PROBLEM STATEMENT
Would you repeat the listing exactly, without any of its images?

DATA SEGMENT
━━━━━━━━

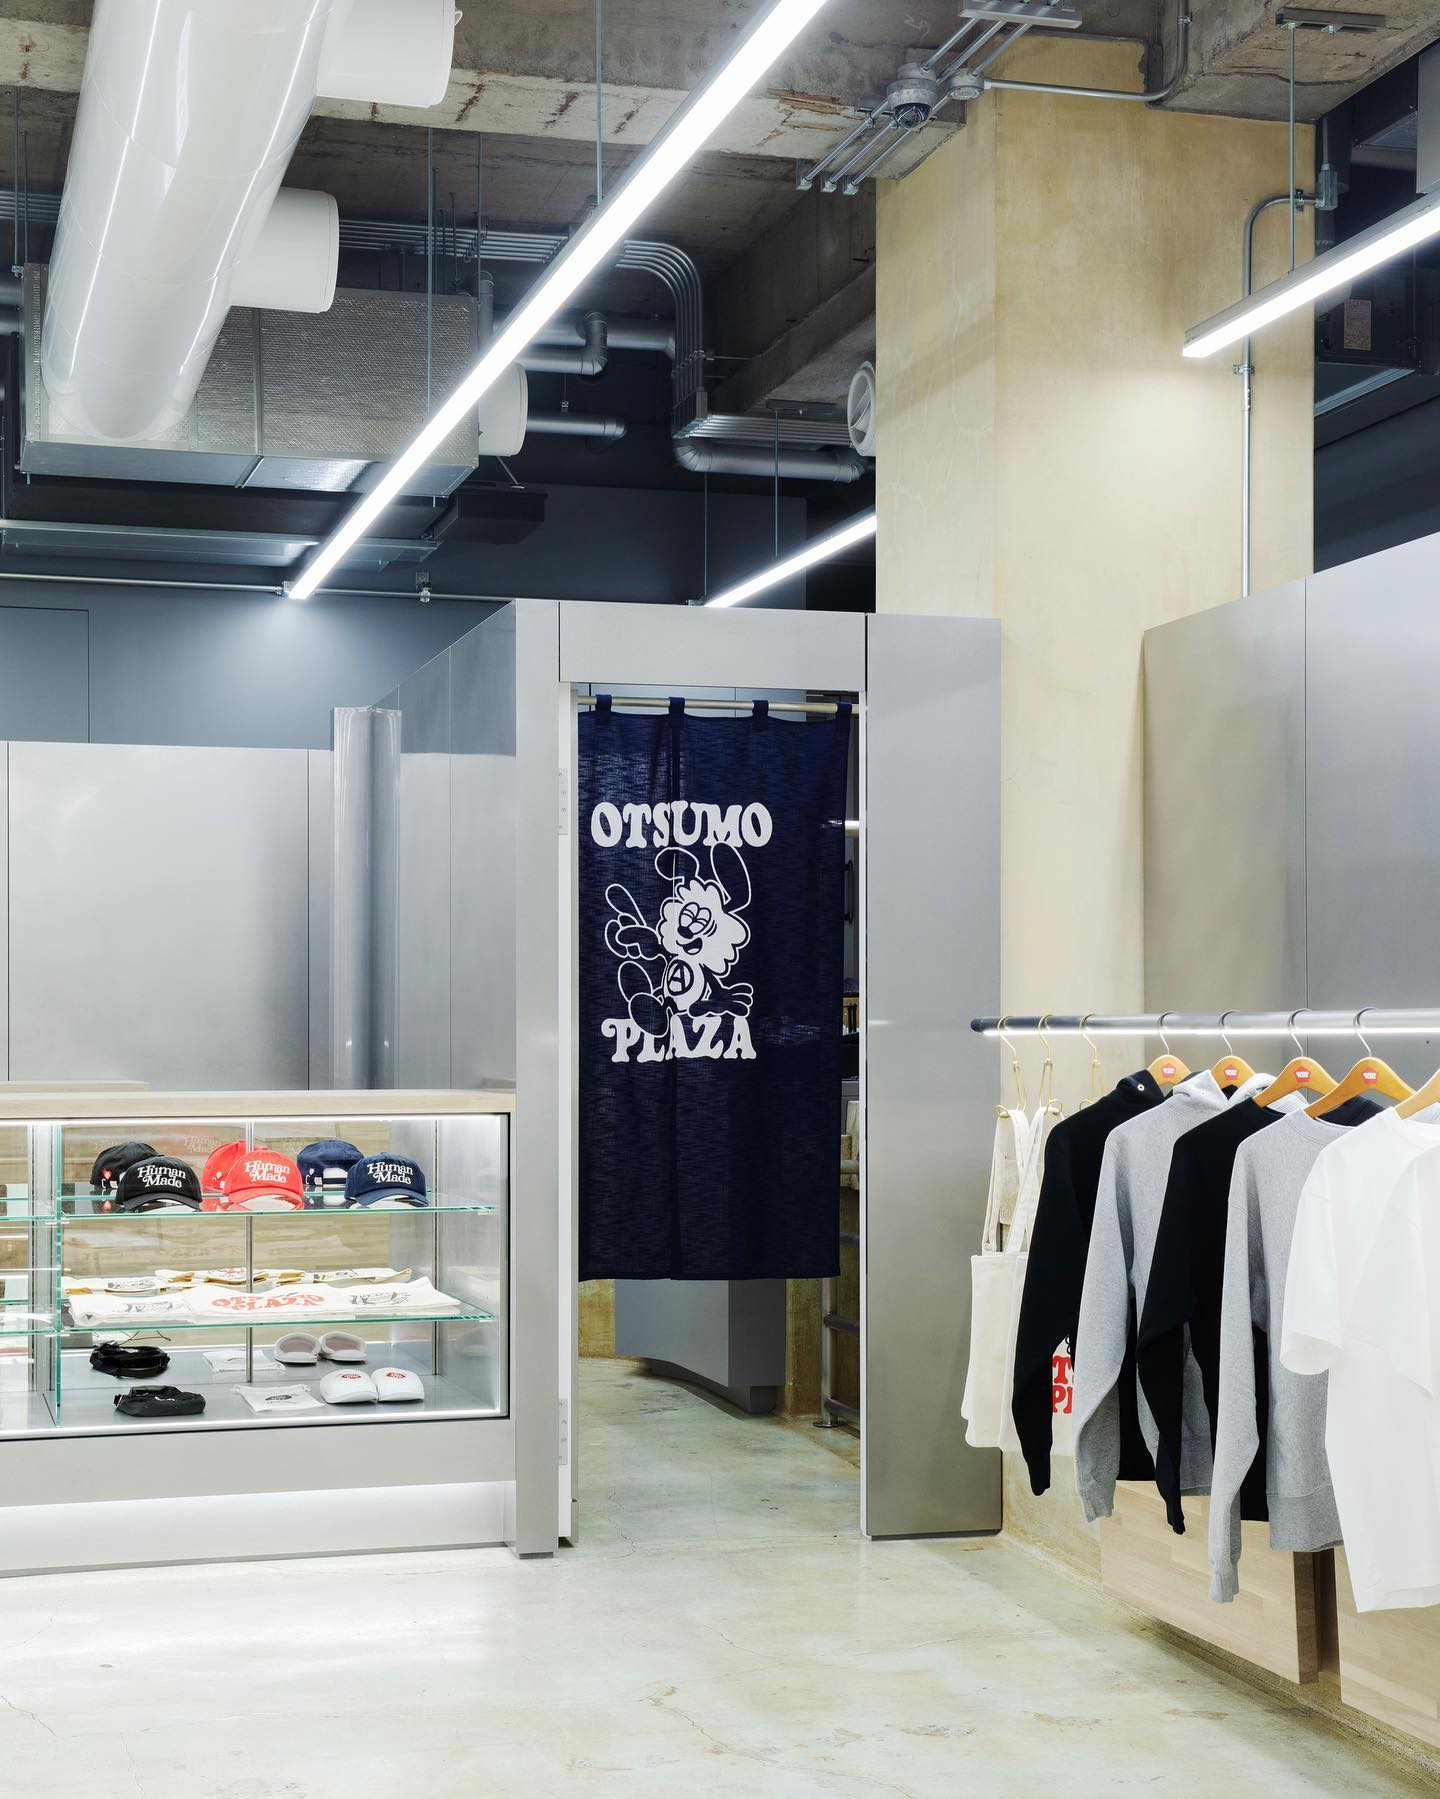 An inside look at NIGO and Verdy's OTSUMO PLAZA concept store
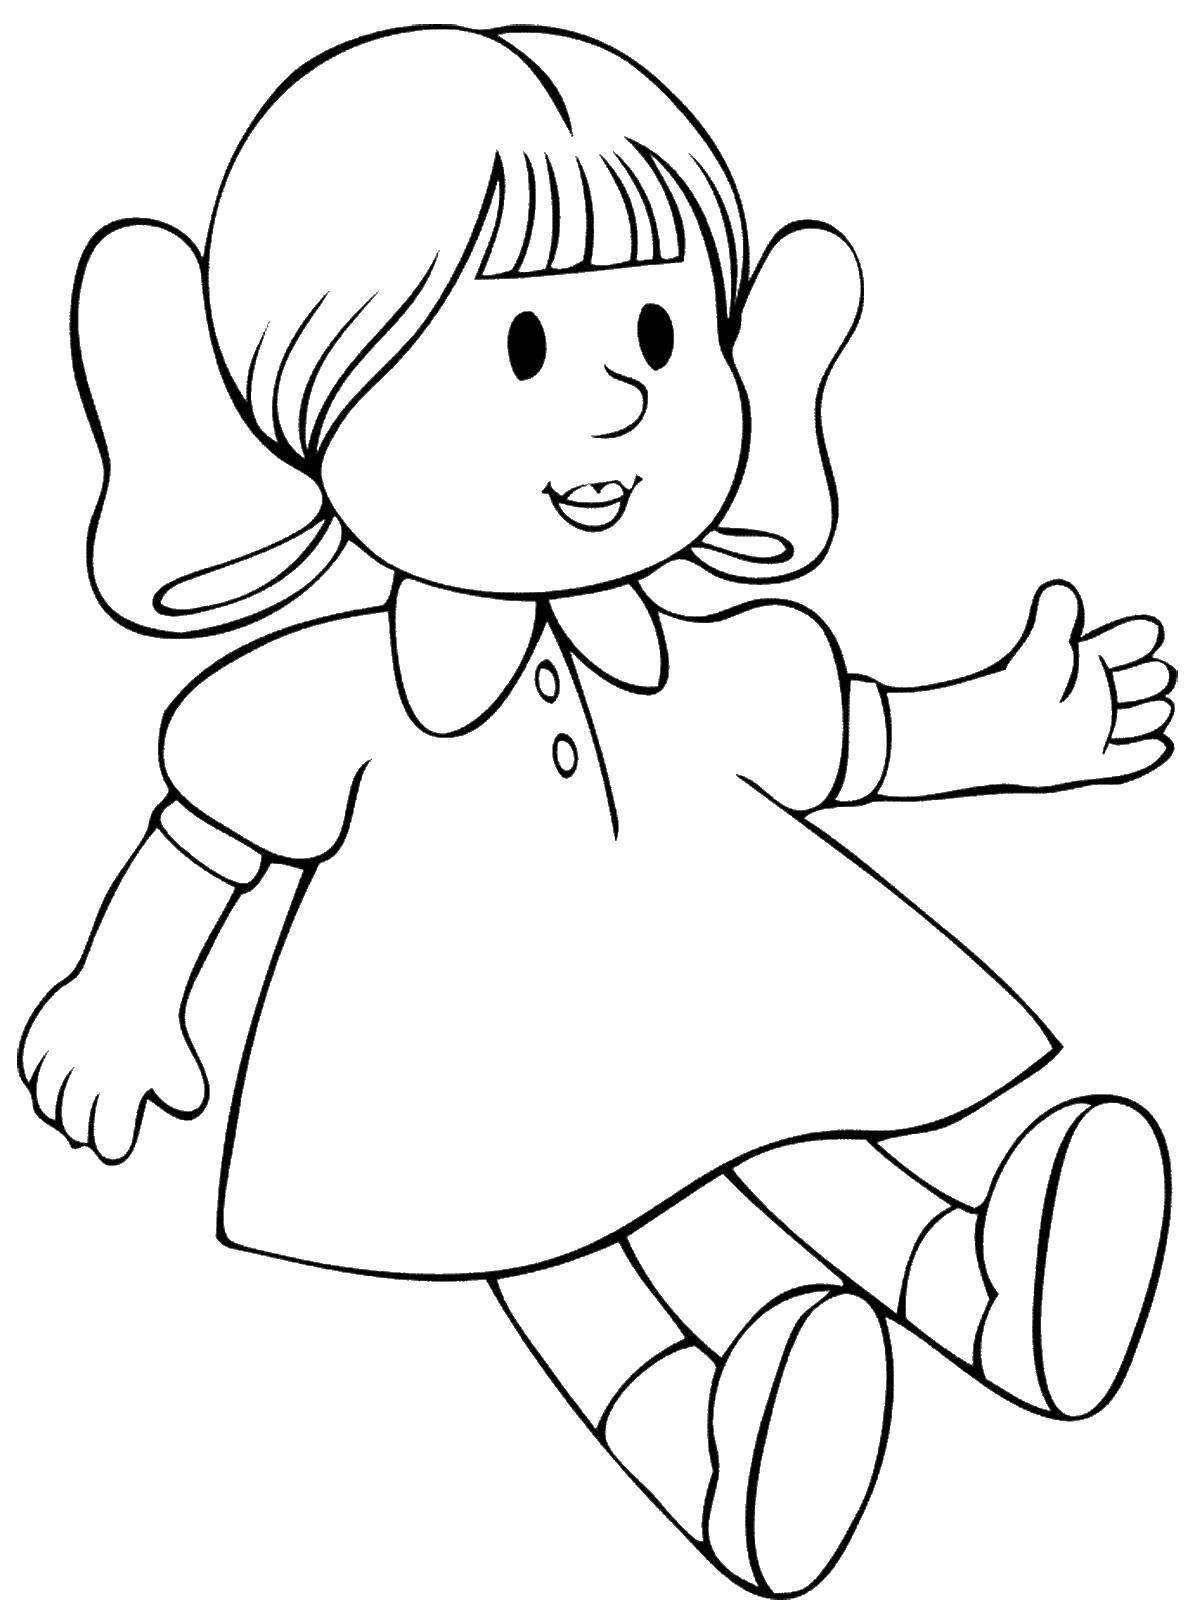 Coloring Doll. Category Coloring pages for kids. Tags:  Doll, fashionista, fashion.
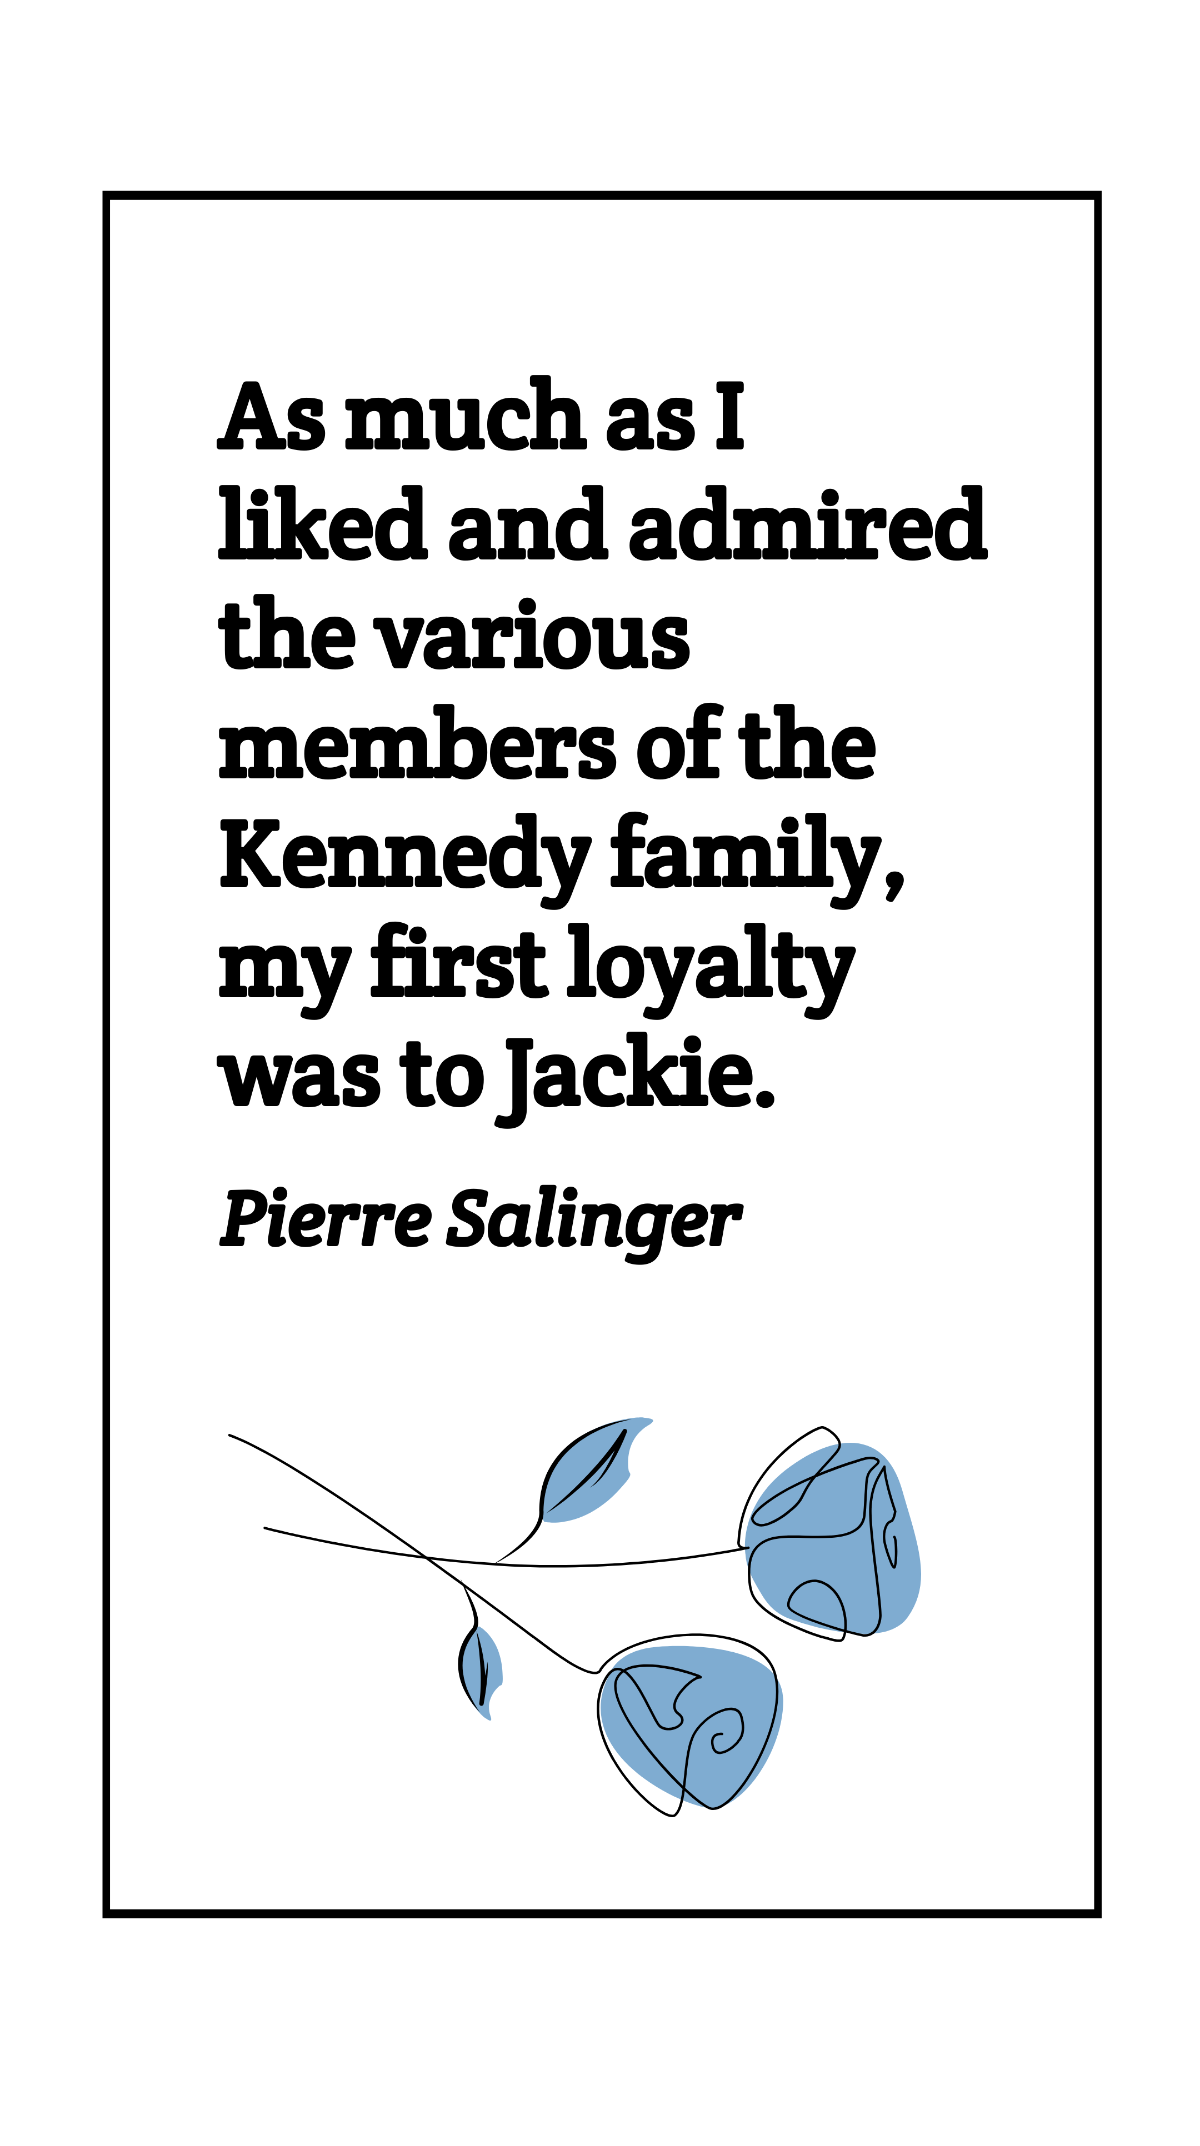 Free Pierre Salinger - As much as I liked and admired the various members of the Kennedy family, my first loyalty was to Jackie. Template

━━━━━━━━

RESPONSE AREA
 An inside look at NIGO and Verdy's OTSUMO PLAZA concept store
 Coloring Doll. Category Coloring pages for kids. Tags:  Doll, fashionista, fashion.
 Free Pierre Salinger - As much as I liked and admired the various members of the Kennedy family, my first loyalty was to Jackie. Template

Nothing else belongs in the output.